Lastly, to cancel a contractual obligation (or an entire contract), the performance must be rendered impossible (or at least really, really difficult) because of the force majeure event. So, if we were talking about a contract for a concert pianist to play at Carnegie Hall with the New York Philharmonic, it’s pretty clear that the pandemic will render performance impossible. By contrast, if we were talking about a novelist who contracted with a publisher to deliver chapters of a new book, coronavirus would not directly impact the author in a way that’s likely to cancel the contract. If the parties disagreed as to whether performance was possible, a court would make the determination; given the scope of the fallout of the coronavirus outbreak, courts will likely be answering this portion of the force-majeure question for years to come.
What if your contract doesn’t have a force majeure clause?
If your contract was a simple one, or just didn’t include a specific force majeure clause, the outcome may still be the same. Courts will apply the common-law concepts “impossibility,” “impracticability,” and “frustration of purpose,” and thereby render contracts unenforceable in response to catastrophic events.
Courts tend to be pretty strict with application of these concepts – but again, the seriousness of the Coronavirus outbreak may well be enough to qualify under even the most stringent legal analysis. When performance is “impossible,” a non-performing party will be relieved of their obligation; back to our example of the concert pianist. He literally cannot give a concert if the orchestra cannot play, the audience cannot attend, or the hall cannot open. That’ll work to get both sides out of the contract.
Impracticability focuses more on the economic fallout of an event. For example, let’s say you own a business that sells hand sanitizer and you contracted with a buyer. However, due to the virus outbreak, you could still buy hand sanitizer, but it would cost $1,000 per bottle. No court is going to make you bankrupt yourself in order to make good on your contractual obligations, because it makes no commercial sense to do so.
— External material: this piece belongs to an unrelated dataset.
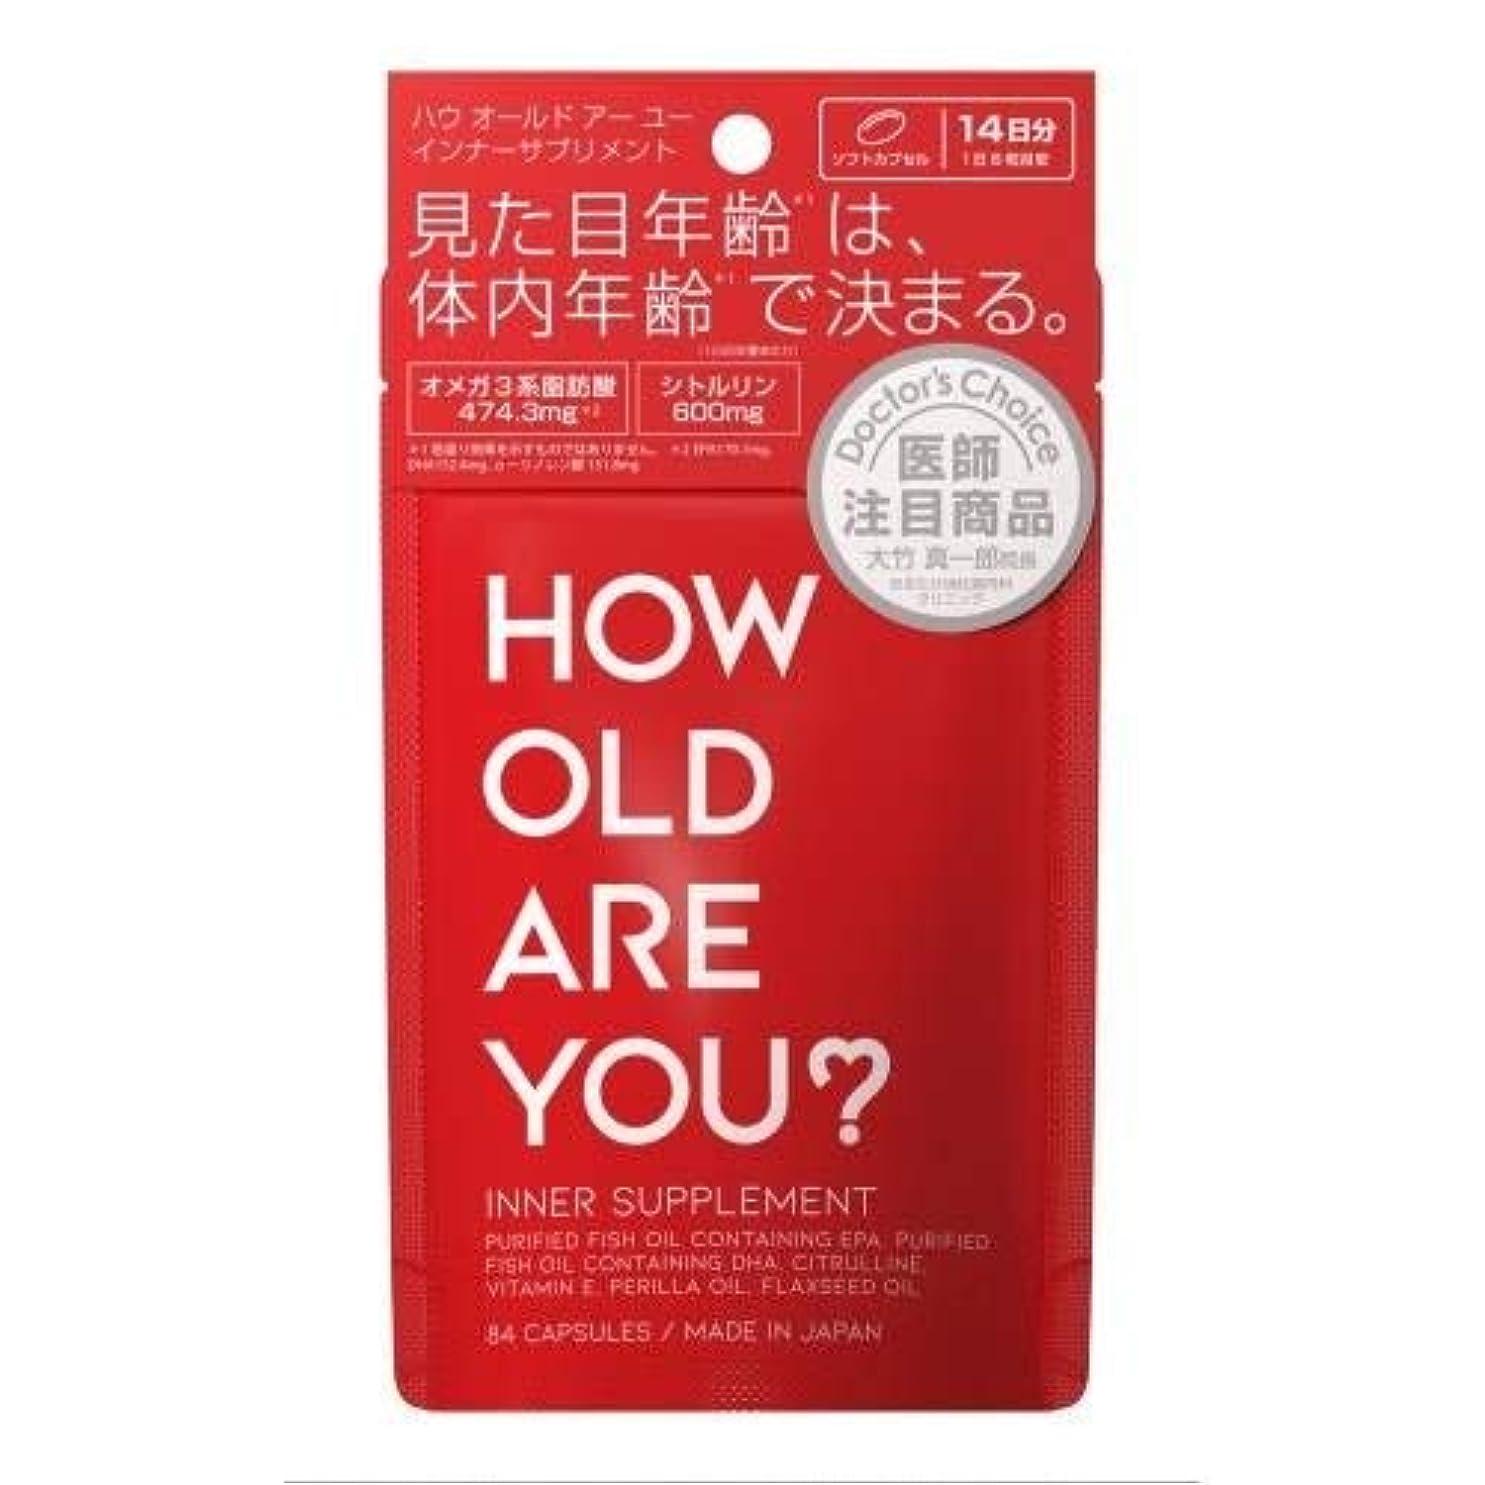 胴体使役目的【6個セット】HOW OLD ARE YOU?インナーサプリメント 84粒

Frustration of purpose is another get-out-of-contracts tool. This is what a party would claim when it’s technically possible to perform on a contract, but when doing so just makes no sense at all. So if, say, a skywriter had been contracted to write an advertising message in the sky above Coachella. He might still be able to write the message, but without Coachella happening, there’s no point in doing so. A court would likely nullify any obligation to write the message. [Fun fact of my own here — the main case dealing with frustration of purpose comes from English law. Someone rented an apartment along the parade route in order to have a good view of the new king during his coronation procession. The king, however, died before being crowned, so performance on the contract was “possible” but “frustrated.” It’s widely known as the “coronation case” in legal circles… which seems unnervingly close to “corona” if you ask me.
Of course, with any of these defenses to non-performance, there’s always ancillary legal issues of money. If one party gave a deposit, do they get that deposit back? What about other collateral financial fallout? That’s where lawyers and courts come into play. Or at least that’s where they will once the courts reopen.